Let $w(x,y)$ be a word in $x$ and $y$.
Let $x$ and $y$ now vary in $SL_n(K)$, where $K$ is a field. (Assume, if you wish, that $K$ is an algebraically complete field of characteristic bigger than a constant.)
I would like to know for which words $w$ the map
$y rightarrow w(x,y)$
isn't surjective (or even dominant - that is, "almost surjective") for $x$ generic.
It is clear, for example, that the map is surjective for $w(x,y)=xy$, and that it isn't
surjective for $w(x,y)= y x y^{-1}$, or for $w(x,y) = y x^n y^{-1}$, $n$ an integer:
all elements of the image of $y rightarrow y x^n y^{-1}$ lie in the same conjugacy class.
A moment's thought (thanks, Philipp!) shows that $w(x,y) = x y x^n y^{-1}$
isn't surjective either: its image is just $x* im(yrightarrow y x^n y^{-1})$,
and, as we just said, $yrightarrow y x^n y^{-1}$ isn't surjective.
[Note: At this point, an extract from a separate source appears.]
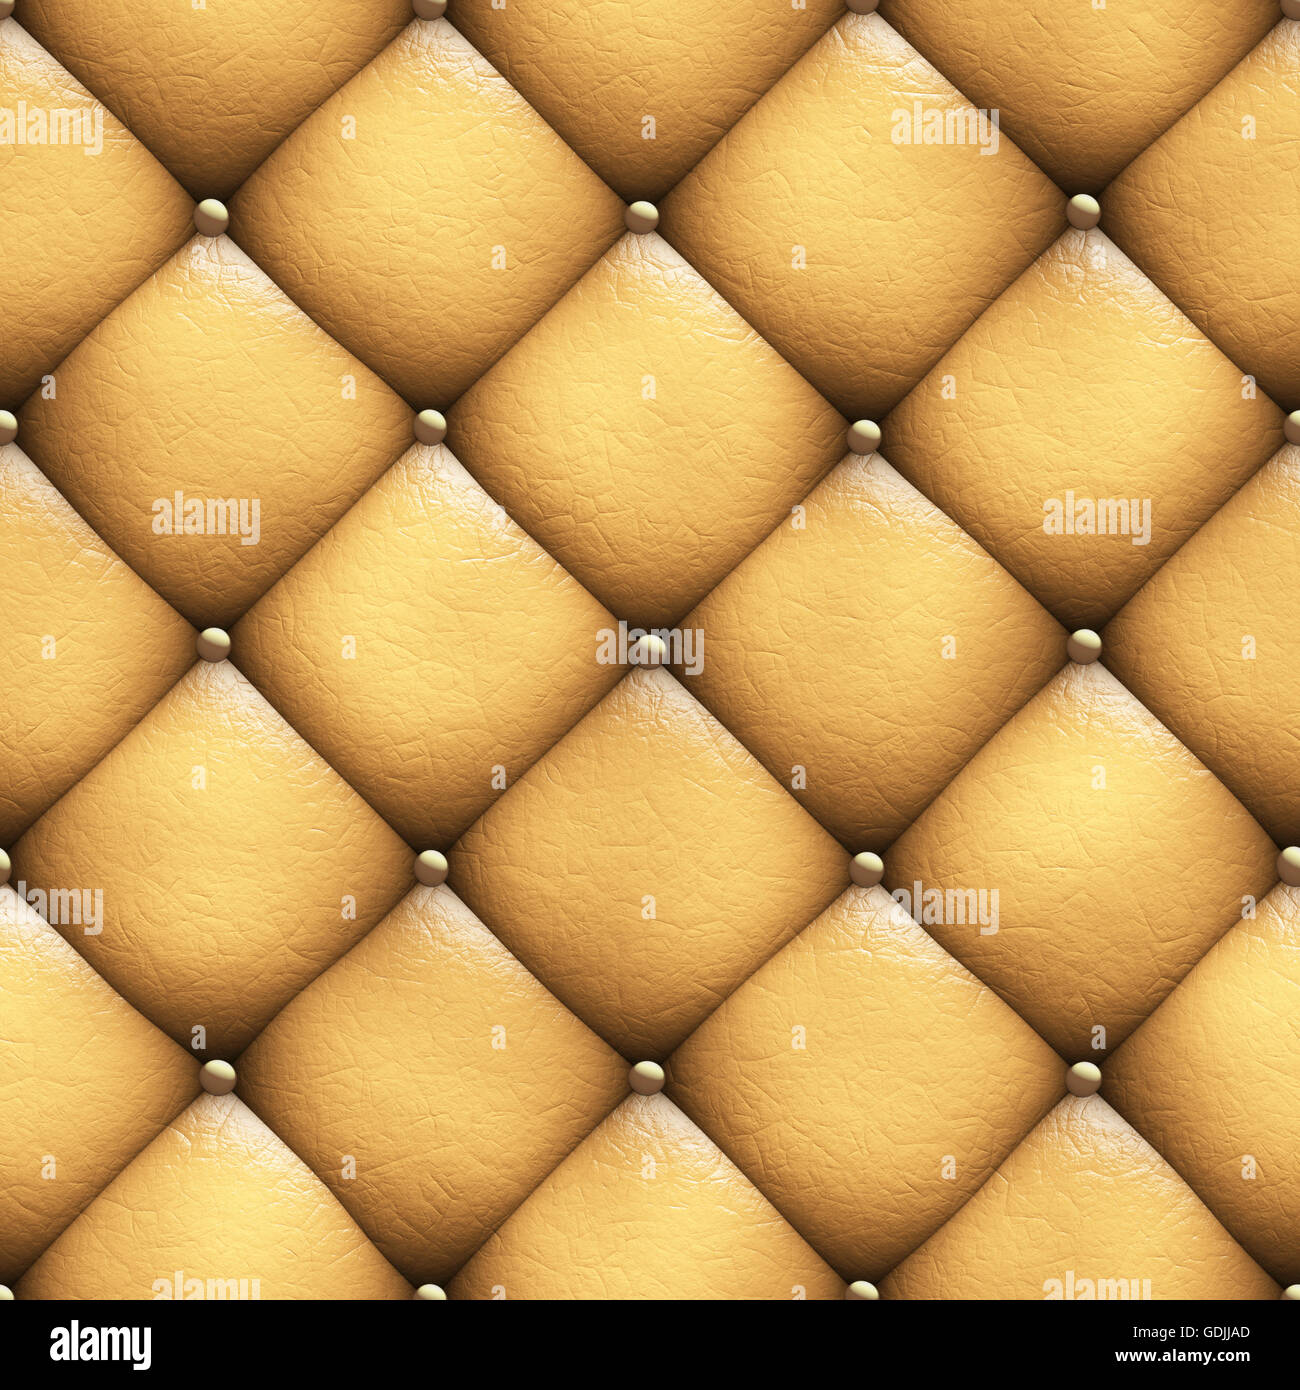 Texture Pelle Divano.Seamless Texture Selleria In Pelle Divano 3d Illustrazione

I would like to know if the only words $w$ for which the map
isn't surjective for $x$ generic are the $w$'s of the form
$w(x,y) = x^a v(x,y) x^b (v(x,y))^{-1} x^c$,
where $v$ is some word and $a,b,c$ are some integers. (This seems to me a sensible guess, though I would actually be quite glad if it weren't true.)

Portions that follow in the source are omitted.